My understanding is that I have sent my batched data to the GPU and my model parameters are on the GPU and DataParallel should take care of splitting my data up and sending everything to each GPU automatically.

My question can be broken into a few parts: (1) Is this understanding correct? (2) Does my code actually seem like its doing this, and (3) does this error have anything to do with that, and if not, what is this error trying to tell me? I don't expect anyone to fix my code for me, but I would like to understand why this error is happening, because I think I'm misunderstanding the underlying logic of how DataParallel is taking my data and sending it to the GPU. I'm happy to provide any details you might need to better understand this problem.

I have tried to better understand the line that breaks: data.h_atm = self.embed_atm(data.x_atm) by printing out where data.x_atm actually is when inside of the forward function, which should be after DataParallel has partitioned the data and I get this for all tensors:

tensor([[1., 0., 0., 0., 0.], [1., 0., 0., 0., 0.], [1., 0., 0., 0., 0.], ..., [0., 0., 1., 0., 0.], [0., 0., 1., 0., 0.], [0., 0., 1., 0., 0.]], device='cuda:0')

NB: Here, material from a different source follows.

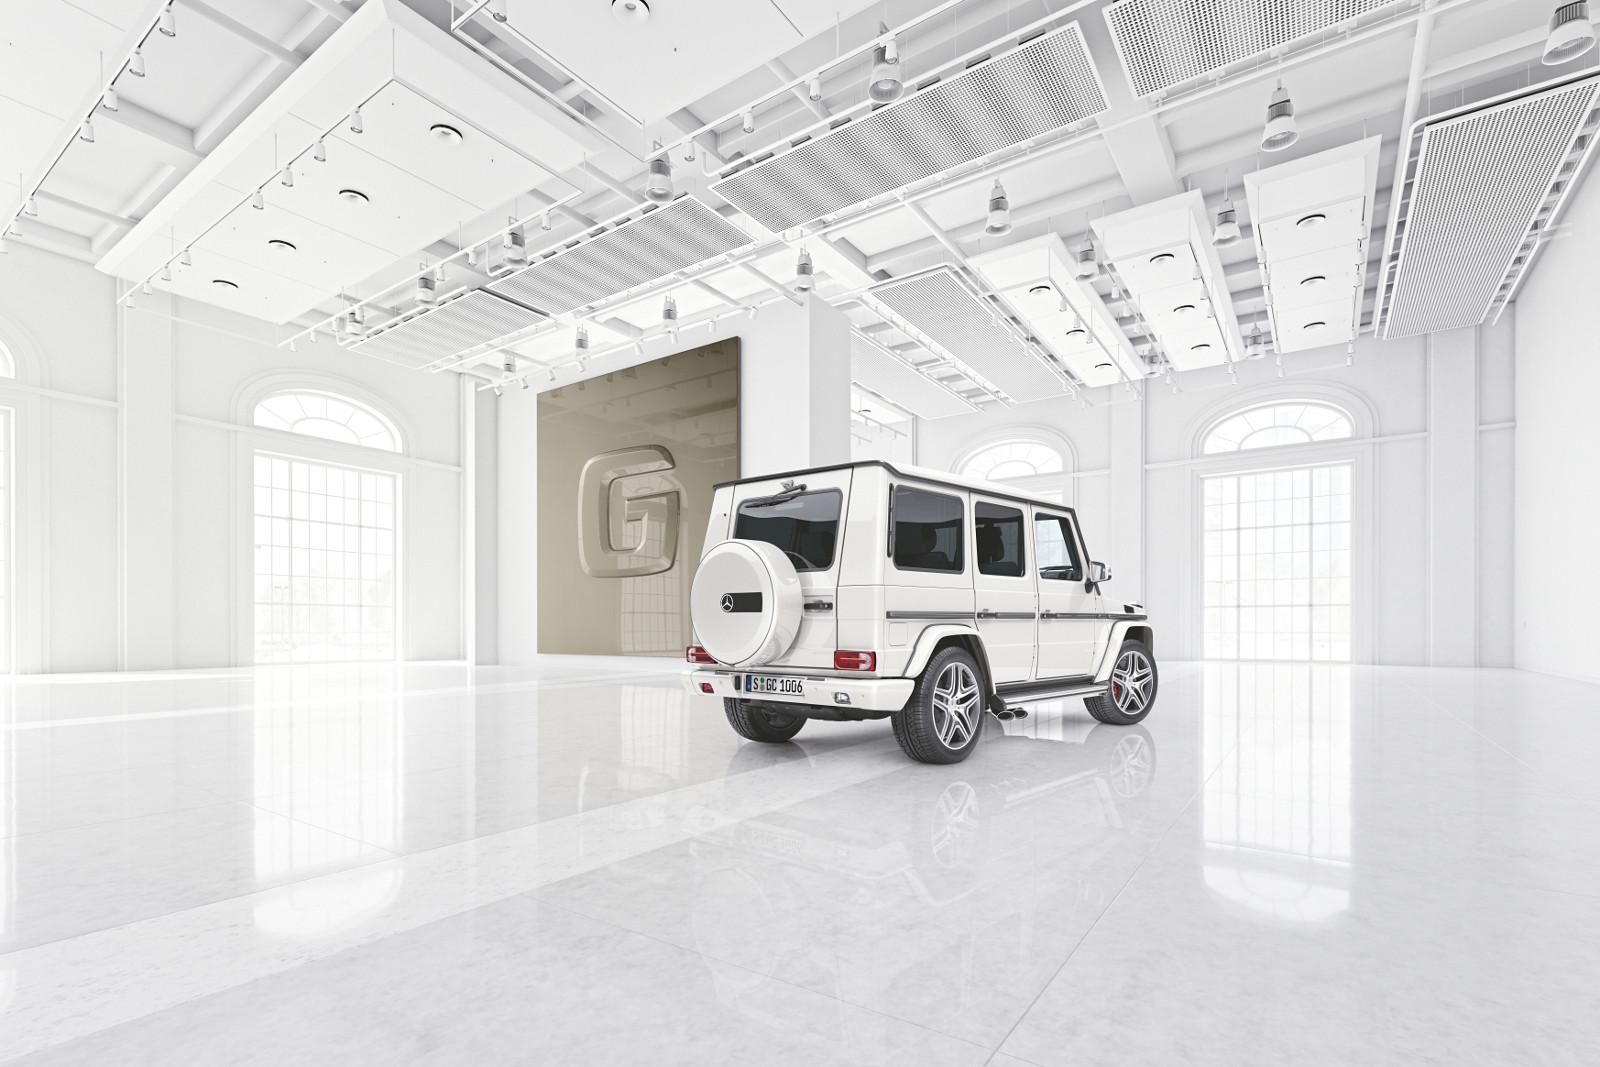 Mercedes Classe G Designo

I think this telling me that all of my data is on GPU 0 despite the model being on both GPU 0 and 1 (when running on 2 GPUs), which I've confirmed by using nvidia-smi and observing both GPUs at about half memory consumption. I have also tried various combinations of calling X.to_device('cuda') or X.cuda(), where X is my graph data, but nothing seems to make any difference to the tensor print out.

Solution

If anyone is seeing this in the future, the issue was that the graph data was never being sent to the correct GPU when the model's forward functions were called and it was only being sent to the default GPU when calling data = data.cuda() inside of the DataLoader loop. The solution was to call data = data.cuda() inside of the model's forward function, which is when DataParallel actually has access to the data, and automatically sends the data to correct GPUs.